WRITING OPTIONS

In options, there is a sharp dividing line between two groups of people. On the one side are the beginners and gamblers who lose money year after miserable year. On the other side are the pros, making a steady living in the options market.
Do you know where that line is drawn?
The great dividing line in options is between the buyers and the writers. On the one side of the line are the winners who write options. On the other are the losers who buy them.
Options: Recommended Literature
Every options trader should own Lawrence McMillan’s Options as a Strategic Investment. You will probably use it as a handbook rather than read it from cover to cover. Many professionals read Sheldon Natenberg’s Option Volatility and Pricing Strategies. Harvey Friedentag’s Options: Investing Without Fear has a nice angle on covered writing.
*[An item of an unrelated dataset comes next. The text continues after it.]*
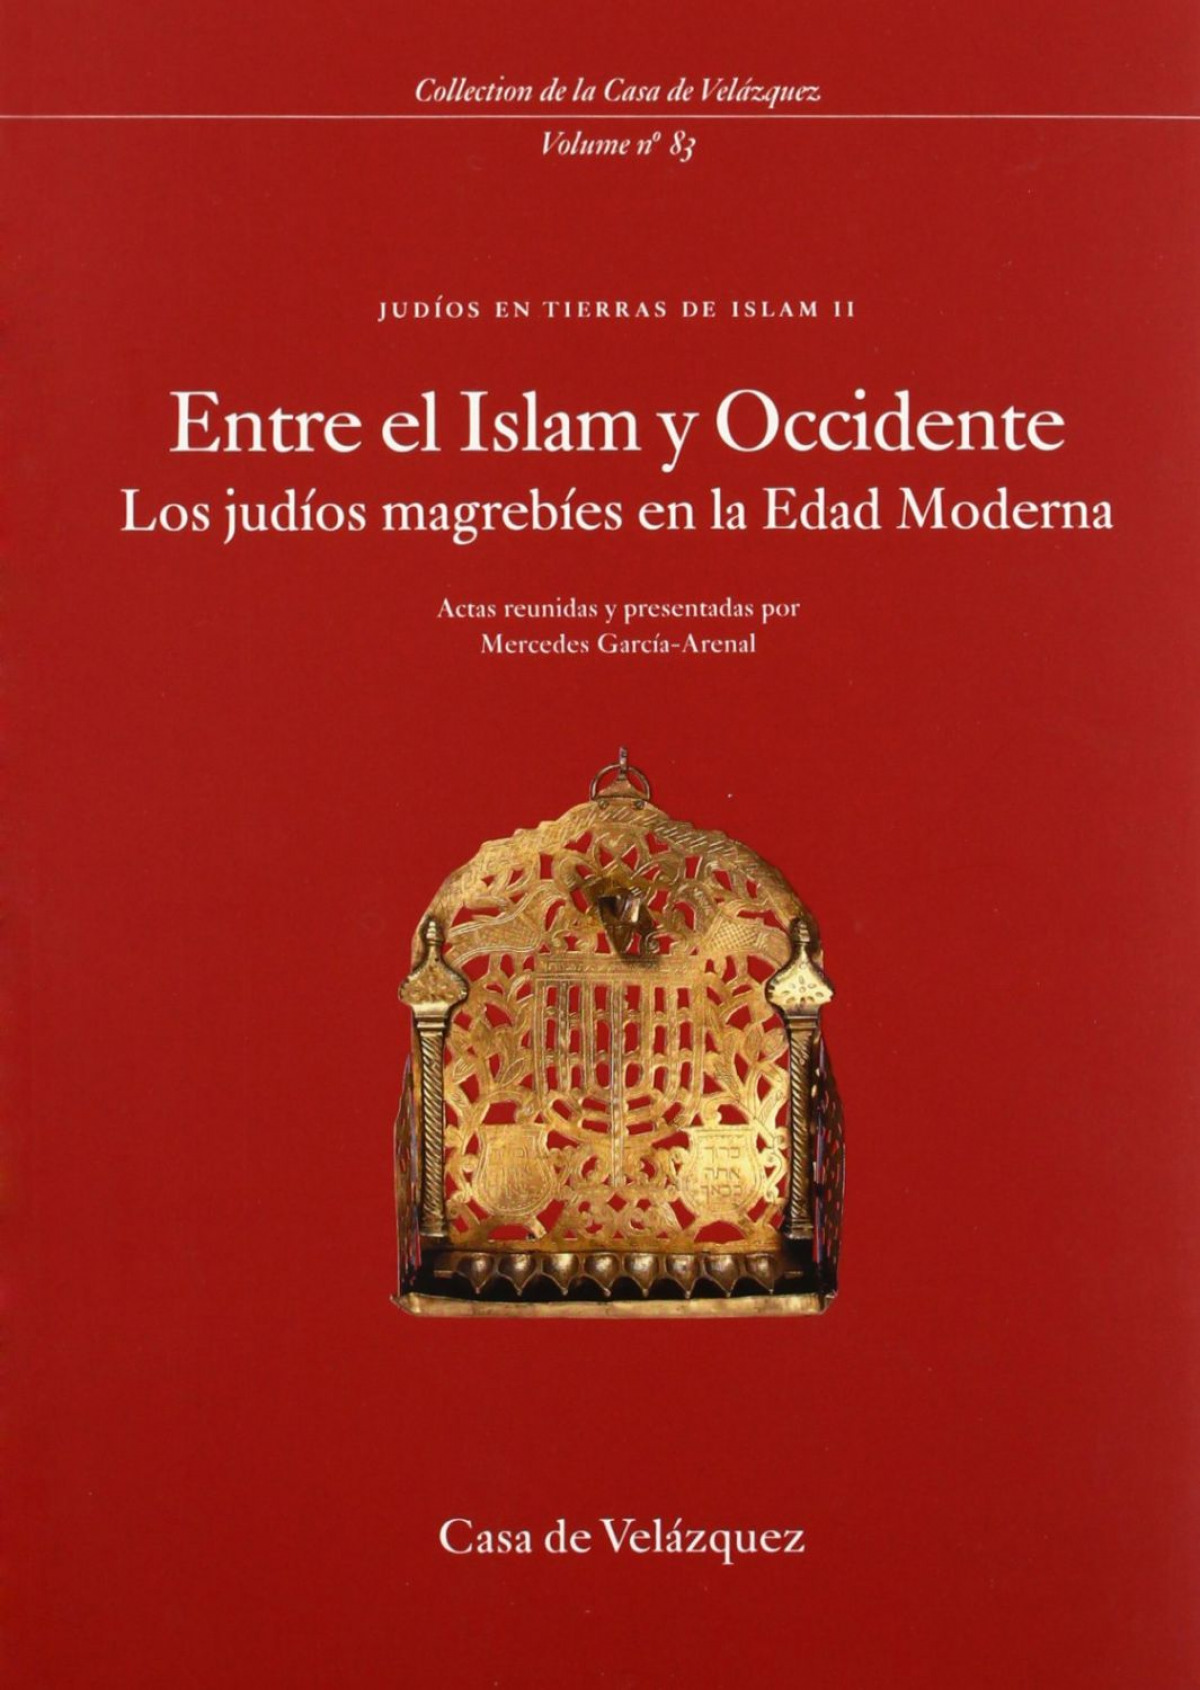 Judíos en tierras de Islam II, Entre el Islam y Occidente : - García-Arenal, Mercedes (ed. lit.)
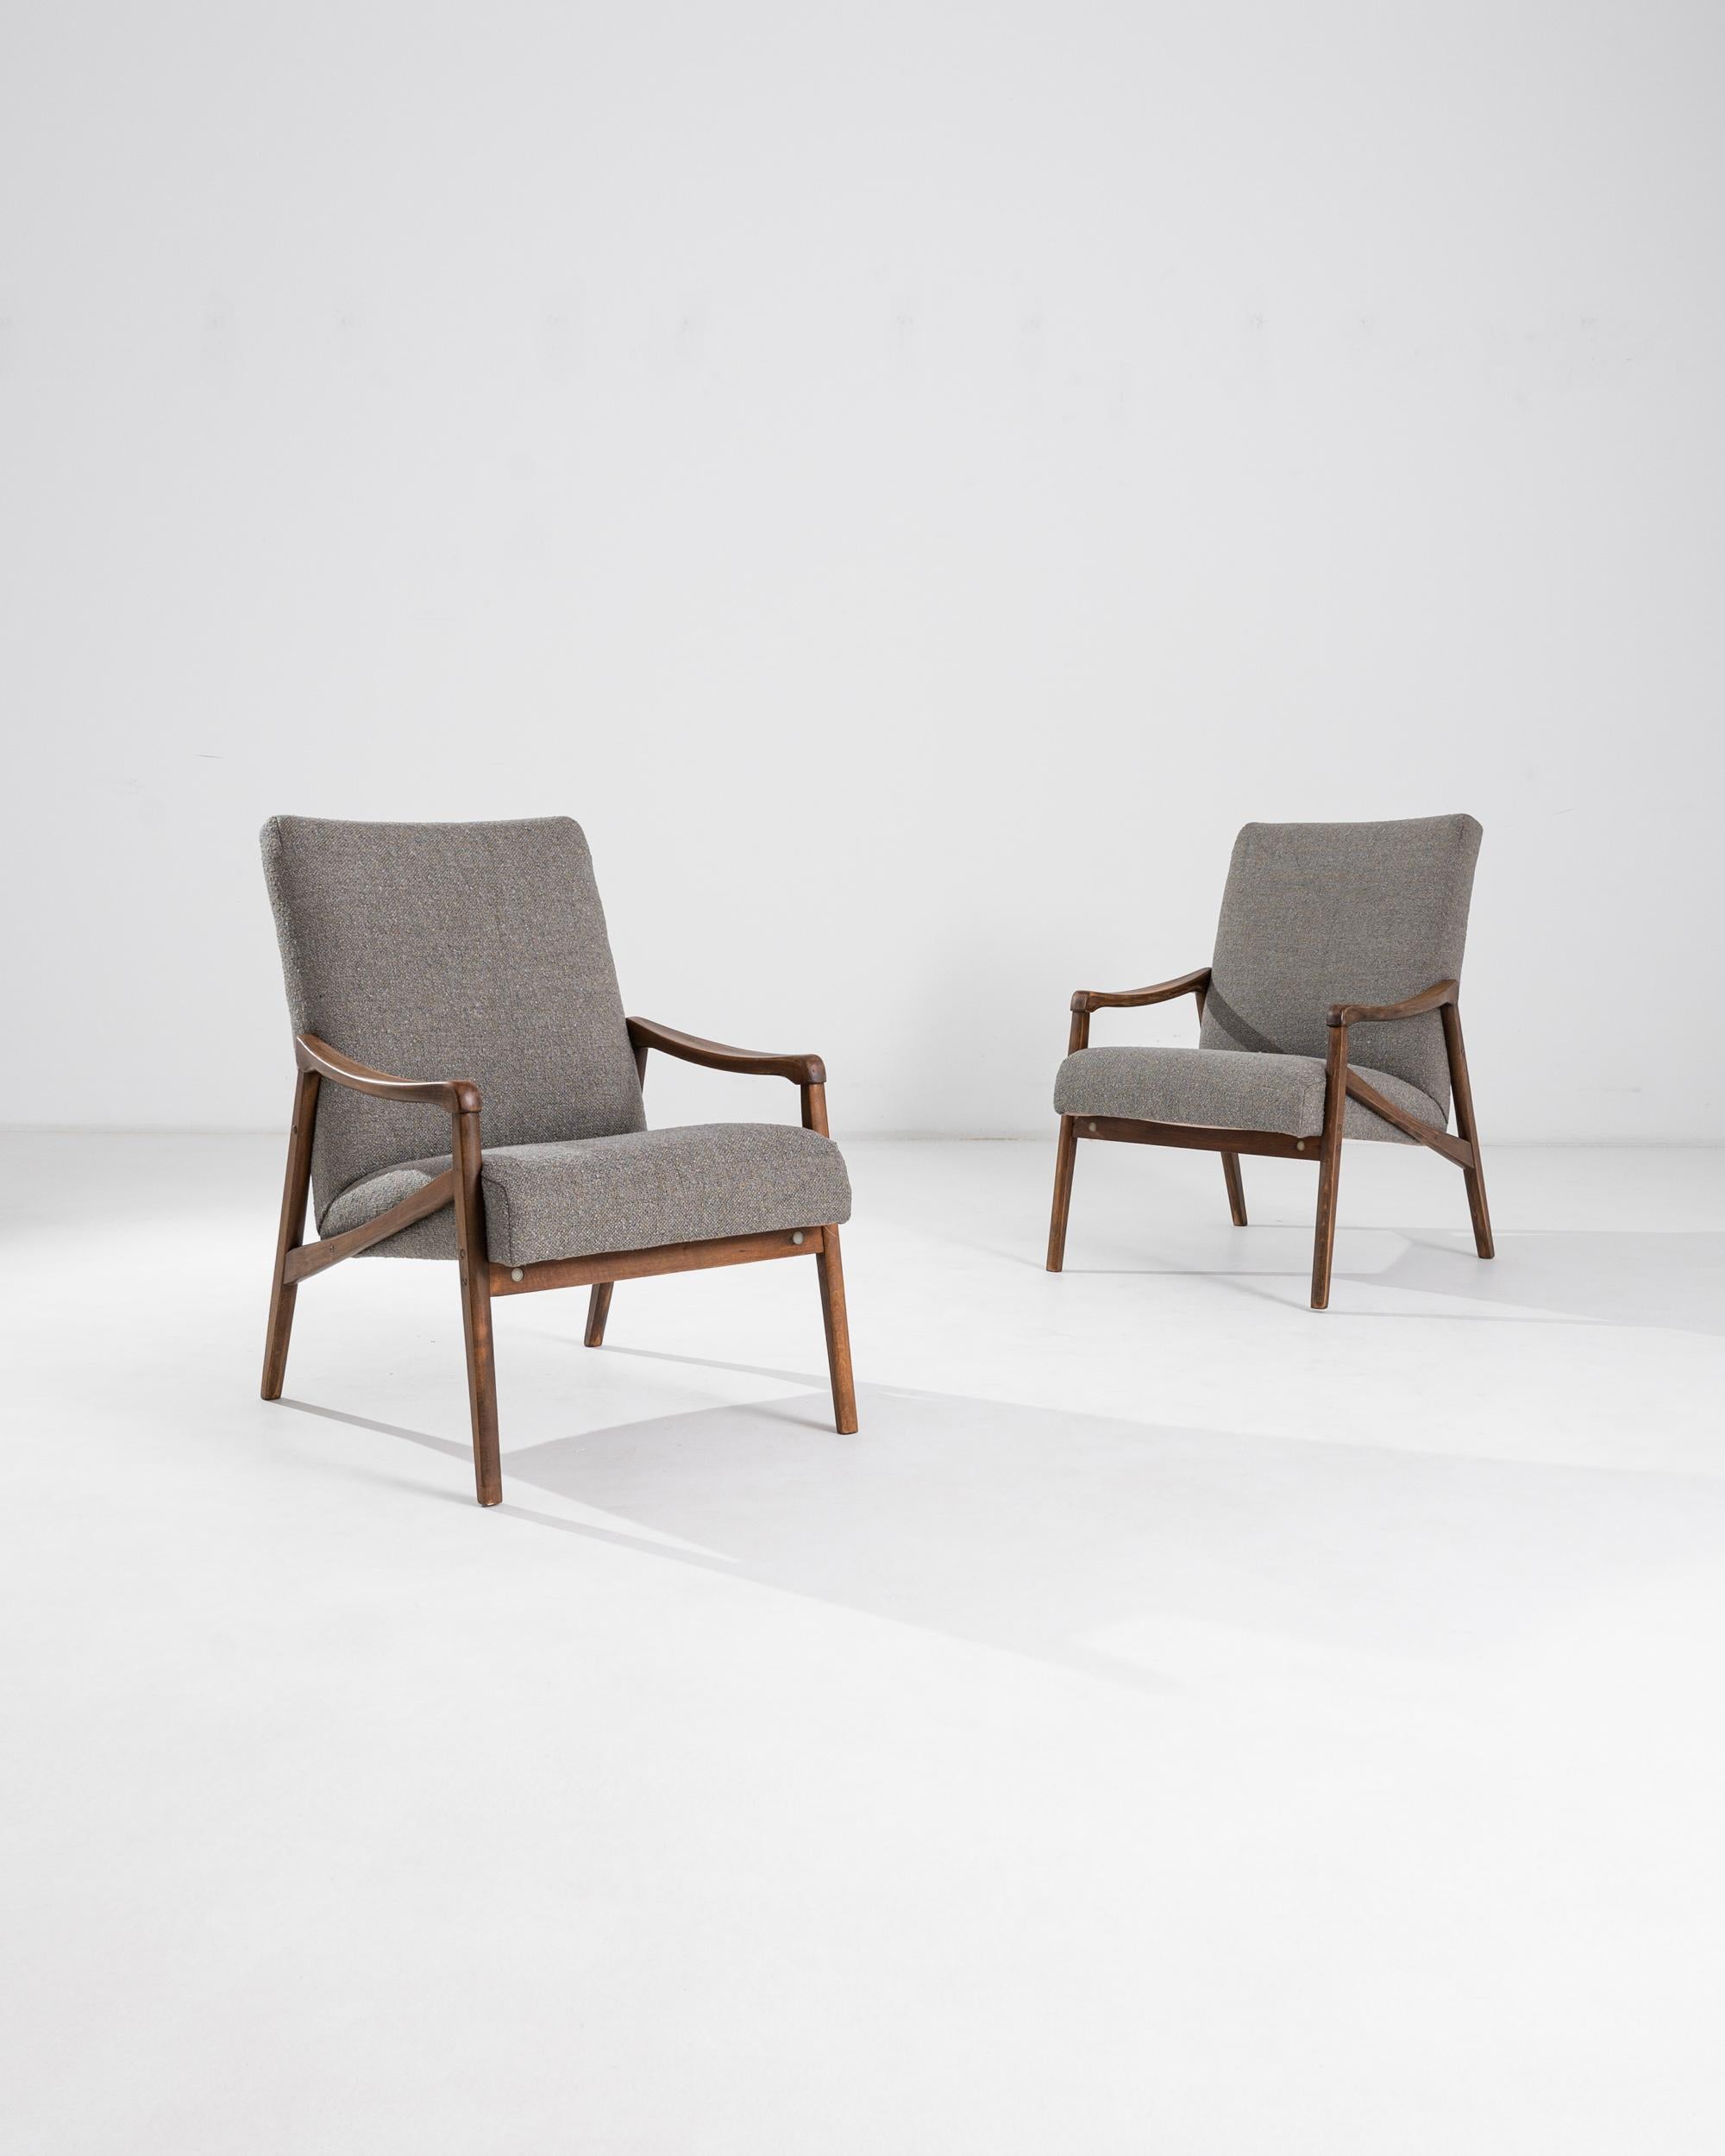 Ein Paar Sessel, das in der ehemaligen Tschechoslowakei hergestellt wurde. Der Entwurf stammt von Jiri Jiroutek. Dieses Design aus den 1960er Jahren wurde mit einem aktualisierten taupefarbenen Bouclé-Bezug neu gepolstert; der neutrale Farbton wurde

I have never in my life met a person who built equity buying options.
Almost every option buyer can tell you about a successful trade or even a few trades in the options market. But those are merely flashes in the pan—totally different from having a long-term positive equity curve. Those occasional wins are like payouts from a slot machine—enough to keep losers motivated to throw more money away.
Options tend to attract poor beginners because the game is cheaper than stocks. Many buy options as a substitute for stocks, and I always tell such folks that they are chasing a deadly illusion. The key difference between options and stocks is ...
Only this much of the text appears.